What’s the point? Nothing. The fellow already has a center. The fellow has already decided his topmost priority and you should not even compete, because the matter is settled for him. And that’s what I have learned — not to compete. Don’t compete with a man’s wife. And don’t compete with a woman’s husband. You’d always lose.

If you are inducting a man, and the wife is not on board, there is no way you’re not going to lose the man. And the same applies to women, the woman might keep saying, “Oh, Acharya Ji, I love you. You are my life, this, that, and all that.” I know. Just, you know, the moment he plays — kasme waade pyaar wafa, waade hain waadon ka kya, you will melt. Extreme climate change. Or he’ll just display some old album — and these days people also record videos of all kinds — and he’ll display that: “See, this is how intimate we were once and now that Acharya, he has entered like poison.”

I don’t even try. I don’t even compete. I conserve energy and give up. Because that’s what that Grihasth Ashram is for. Go, reproduce. Do you understand the word husband? Go and read what animal husbandry means. I’m not discouraging you, obviously.
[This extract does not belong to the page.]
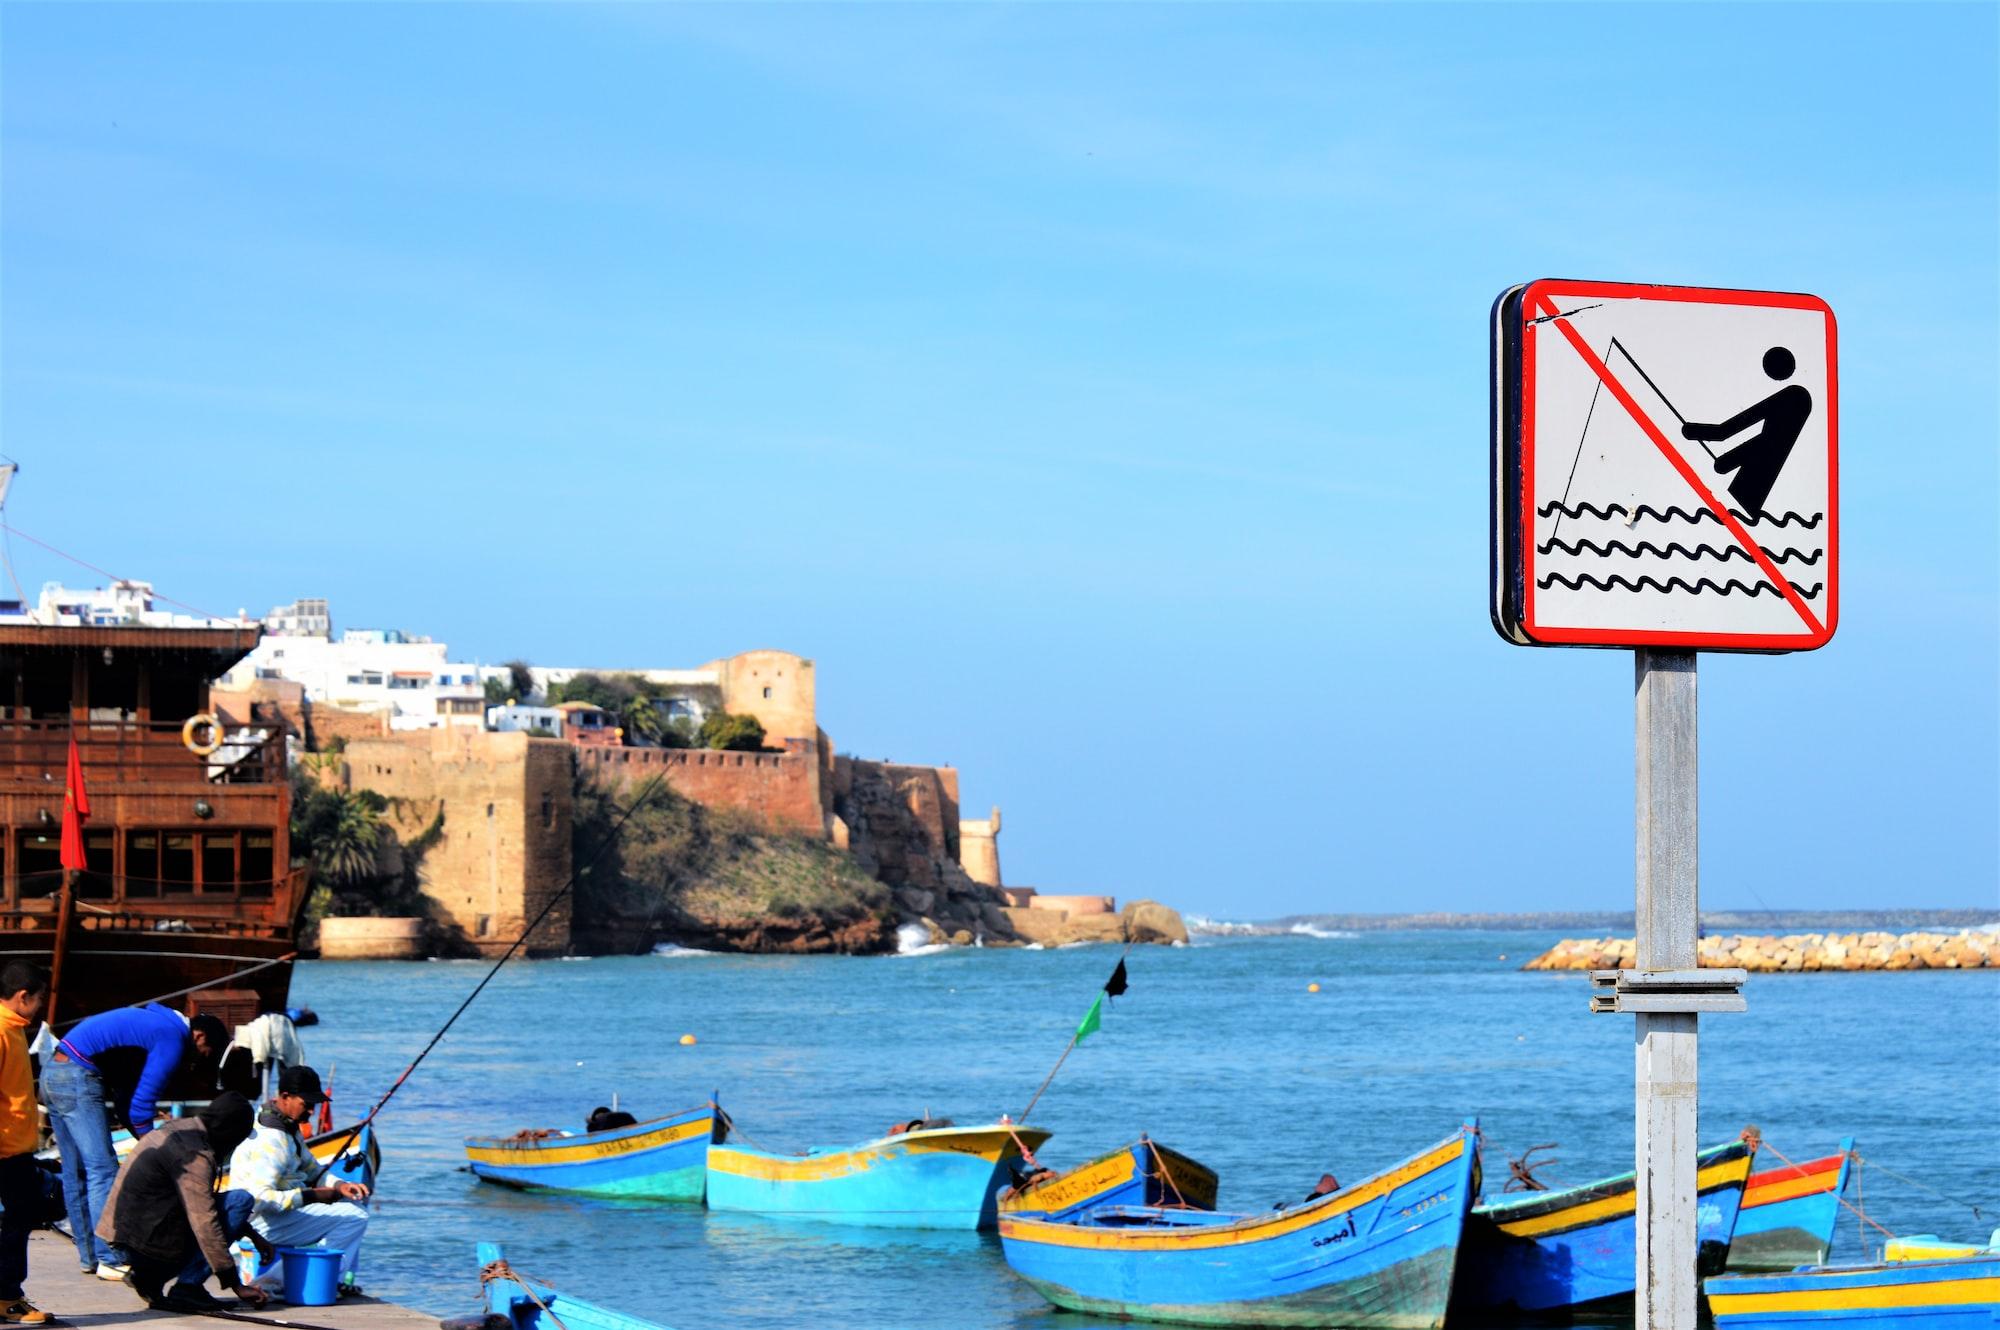 Sem pesca ... Sem problemas.  Esta foto foi tirada em Rabat, Marrocos

Questioner: No, right now something happened at my home, so I totally agree with it. Now both of my kids are here, playing around, and she has got angry and just gone downstairs.

Acharya Prashant: Let’s have a revolution now. That’s the revolution, that’s what you wanted, that's what you got. It’s just that — you must know what you’re doing.

What was Shri Krishna saying today? Nothing is forbidden except ignorance.

22, 25, 28 — do you know what you are doing? I’m all for marriage at 48 — Is that a joke? Please tell me. It's not a joke, seriously. Go and get married, but obviously get some sense first. If marriage means companionship, it’s all right to have a companion. Who can find fault with that? But at 25? What do you know at 25? What are you doing at 25? How many of you are 25? 25 or less than 25?

When you feel totally assured — you understand life, you know yourself, and you know the world, and you also see that you need a companion of the other gender for very, very right reasons — go ahead and get married. But not before that. And the bigger issue is liabilities. Liabilities do not come only in the form of a person.

You want to lead a rebellious life? Why are you so keen to buy that house loan? It’s easy to get indebted. It takes a couple of decades to clear the debt. And you’ll be all grey by the time you clear your debt. You’ll rebel walking with a stick in that great mansion! This is for those — this is the manual for prospective rebels: Billi mat paalna — EMI mat paalna, also the traditional kind of responsibilities.

You must know which responsibilities rightfully belong to you and which ones you must disown.

You are not obliged to fulfill all the so-called traditional responsibilities. You’re going to have a harrowing night. I can already see it on your face.

Questioner: Yesterday it was the same thing. So now Ramadan is going on, and I don’t want to attend the community gatherings. But she makes it a point to kind of have those tears and cry, ensuring that I come, and then giving me that “my children also need that community feeling, so that they can grow better,” while I’m kind of not letting them have what I had in my childhood. So I understand what you’re saying.

Acharya Prashant: You must value freedom just so much. Do not accept anything that’s going to limit your freedom.

I was earning a very decent salary — you could even call it hefty — when I quit the corporate. For 3 years after Advait was founded, I took nothing. I could have opted for funding from somewhere. But that would have come with strings attached and I don’t need any strings.

I value my freedom. And there were investors available. They said, “We’ll invest so much into it, this, that...” Even after those 3 years, I started picking up only as much as would keep the bank balance of the organization very healthy. It was a private limited company, not a foundation. I technically owned it, but I never, never withdrew even one rupee as profits. Never.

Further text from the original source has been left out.